Records from a data collection:
+++
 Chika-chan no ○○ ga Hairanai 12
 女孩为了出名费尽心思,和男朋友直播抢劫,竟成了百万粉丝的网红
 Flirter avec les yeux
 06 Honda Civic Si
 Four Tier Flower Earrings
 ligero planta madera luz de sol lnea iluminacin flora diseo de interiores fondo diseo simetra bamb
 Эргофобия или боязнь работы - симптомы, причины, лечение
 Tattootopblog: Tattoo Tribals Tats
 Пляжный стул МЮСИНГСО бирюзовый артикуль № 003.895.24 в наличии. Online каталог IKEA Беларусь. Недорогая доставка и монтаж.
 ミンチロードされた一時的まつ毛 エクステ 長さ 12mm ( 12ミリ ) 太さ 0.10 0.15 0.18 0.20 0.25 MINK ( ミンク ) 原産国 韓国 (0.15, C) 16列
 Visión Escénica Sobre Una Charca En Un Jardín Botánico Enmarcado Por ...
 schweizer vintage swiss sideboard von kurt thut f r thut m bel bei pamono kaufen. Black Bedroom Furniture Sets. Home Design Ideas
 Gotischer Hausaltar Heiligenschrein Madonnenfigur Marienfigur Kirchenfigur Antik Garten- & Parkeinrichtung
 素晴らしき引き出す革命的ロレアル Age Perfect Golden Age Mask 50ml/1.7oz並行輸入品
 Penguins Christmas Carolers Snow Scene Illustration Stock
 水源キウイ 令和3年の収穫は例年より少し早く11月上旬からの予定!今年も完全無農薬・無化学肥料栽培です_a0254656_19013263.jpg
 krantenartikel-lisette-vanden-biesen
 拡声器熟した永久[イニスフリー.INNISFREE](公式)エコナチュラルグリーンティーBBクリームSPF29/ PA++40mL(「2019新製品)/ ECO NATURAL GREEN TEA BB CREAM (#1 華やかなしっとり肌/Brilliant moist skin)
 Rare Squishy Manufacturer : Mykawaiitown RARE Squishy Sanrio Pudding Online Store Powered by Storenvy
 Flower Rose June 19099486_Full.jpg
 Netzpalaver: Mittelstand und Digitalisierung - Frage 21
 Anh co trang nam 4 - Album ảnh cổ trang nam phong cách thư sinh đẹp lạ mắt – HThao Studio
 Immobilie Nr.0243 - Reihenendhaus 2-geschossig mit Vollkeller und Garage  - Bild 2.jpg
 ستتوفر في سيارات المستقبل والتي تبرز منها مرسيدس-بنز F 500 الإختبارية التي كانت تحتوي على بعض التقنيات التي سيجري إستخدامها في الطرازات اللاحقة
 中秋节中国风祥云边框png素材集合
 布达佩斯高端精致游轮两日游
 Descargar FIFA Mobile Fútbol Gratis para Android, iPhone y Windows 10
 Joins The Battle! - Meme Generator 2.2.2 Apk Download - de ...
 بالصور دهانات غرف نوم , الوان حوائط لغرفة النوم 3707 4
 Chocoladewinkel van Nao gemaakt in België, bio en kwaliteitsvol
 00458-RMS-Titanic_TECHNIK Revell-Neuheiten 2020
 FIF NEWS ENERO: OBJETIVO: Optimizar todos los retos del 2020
+++
--- What you are asked to do ---
In the entries above, find the line with "素晴らしき引き出す革命的ロレアル Age Perfect" and the line with "krantenartikel-lisette-vanden-biesen", then set down exactly those two and every line between them, nothing else.

--- Result below ---
 素晴らしき引き出す革命的ロレアル Age Perfect Golden Age Mask 50ml/1.7oz並行輸入品
 Penguins Christmas Carolers Snow Scene Illustration Stock
 水源キウイ 令和3年の収穫は例年より少し早く11月上旬からの予定!今年も完全無農薬・無化学肥料栽培です_a0254656_19013263.jpg
 krantenartikel-lisette-vanden-biesen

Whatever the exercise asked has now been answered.